The cats would be the ultimate writing challenge because a big part of this book was a delayed adolescence, and seeing my parents as imperfect and that it’s okay, that people aren’t perfect. I don’t think I’m ready to go there with the cats. That’s such a challenge! I think they are absolutely perfect and I don’t know how I would write about them. Someday I would love to write a book about the cats.
Rumpus: It can be challenging to write about difficult life events, even retraumatizing. How did you take care of yourself while writing this book, and what advice would you give to other writers when they’re writing about their lives?
Vanasco: I do recommend a process journal. It’s where I reflect on the writing I’m doing. Also, I watched a lot of standup comedy. I listened to upbeat music. I tried to get out of the house. I tried to think of things I enjoyed and what would get me laughing. Maintaining friendships and being around my friends was very crucial.

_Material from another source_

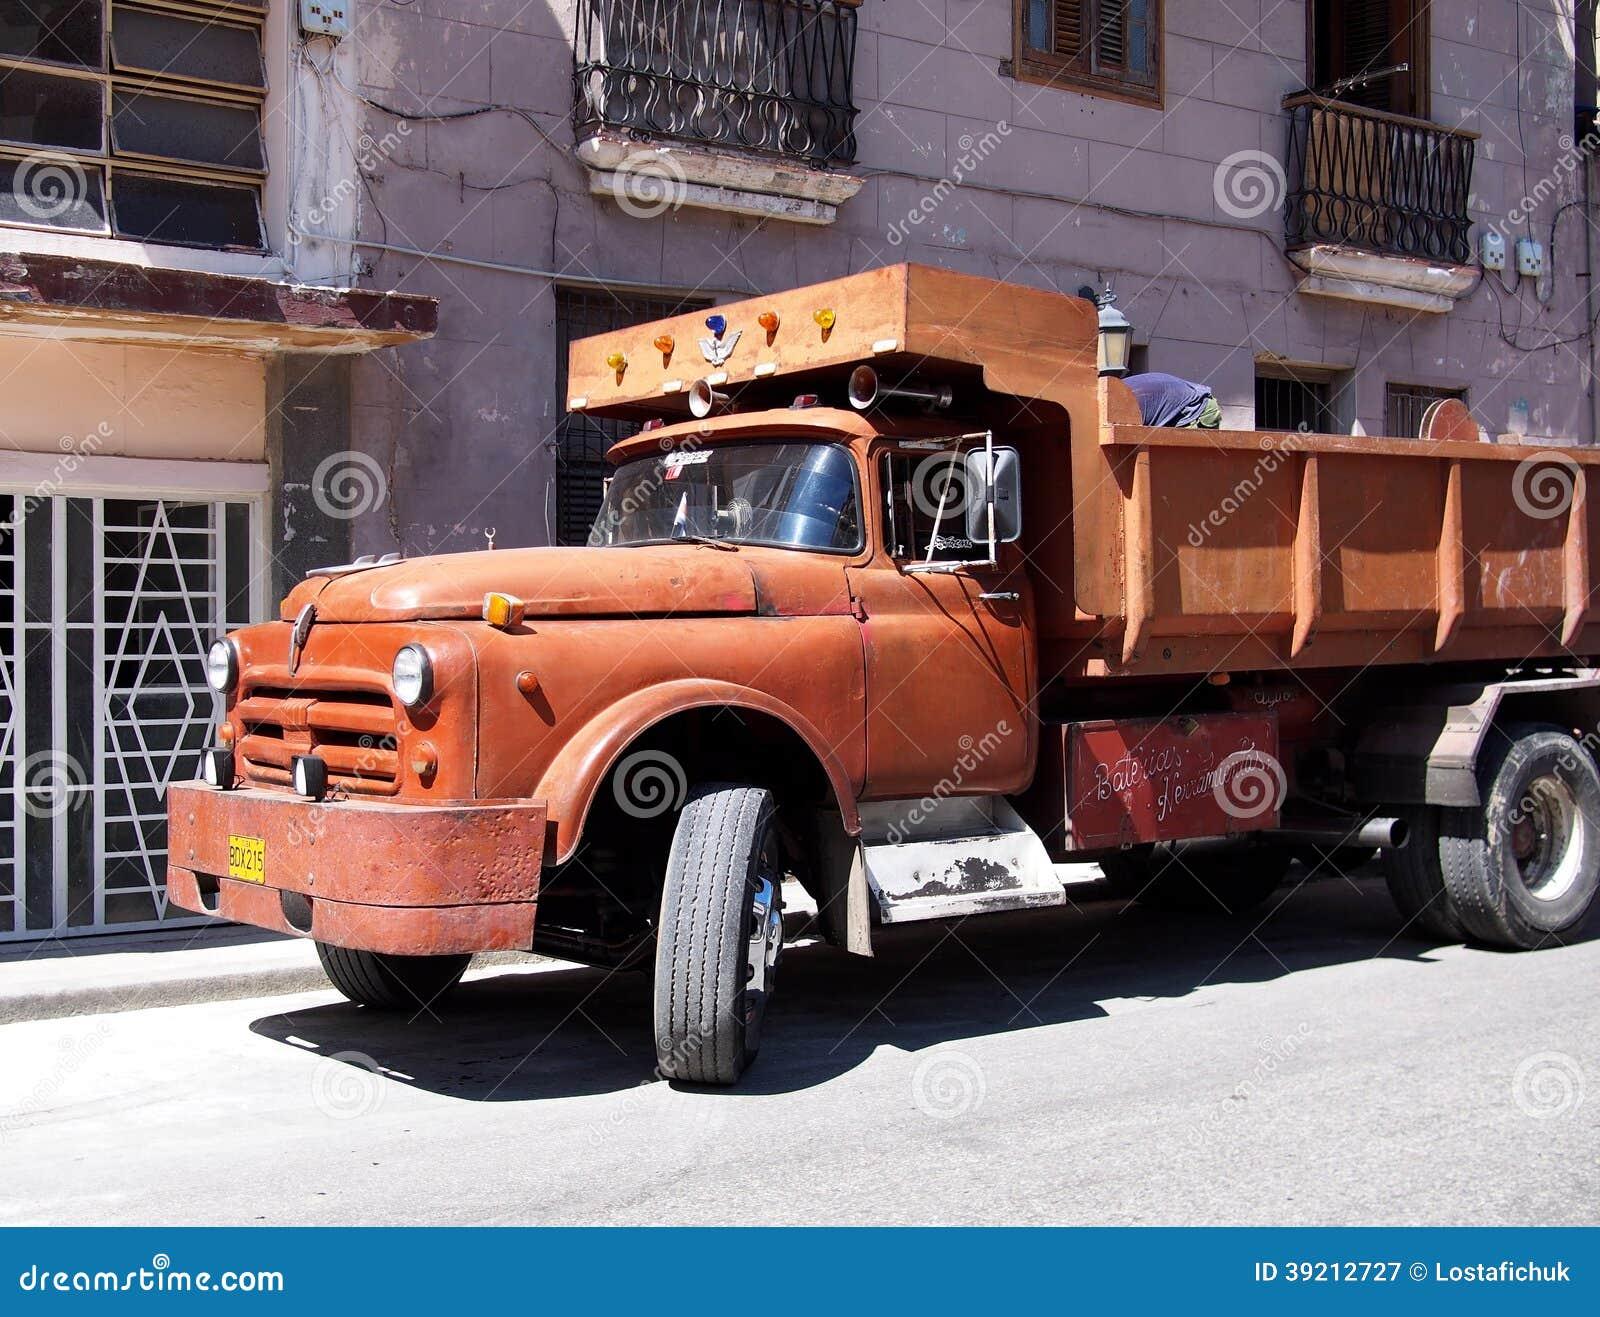 Trucks Of Cuba Editorial Photography Image 39212727

I didn’t have a good therapist at that time unfortunately but in previous years I’d had an excellent therapist. I do think therapy is so helpful. I found when I was seeing a really great therapist, I had a much easier time writing. It was really hard in the absence of a therapist, just being able to be protective of myself while I wrote. I was less likely to retraumatize myself while writing when I was with my therapist. I’m in the process of trying to find a new therapist.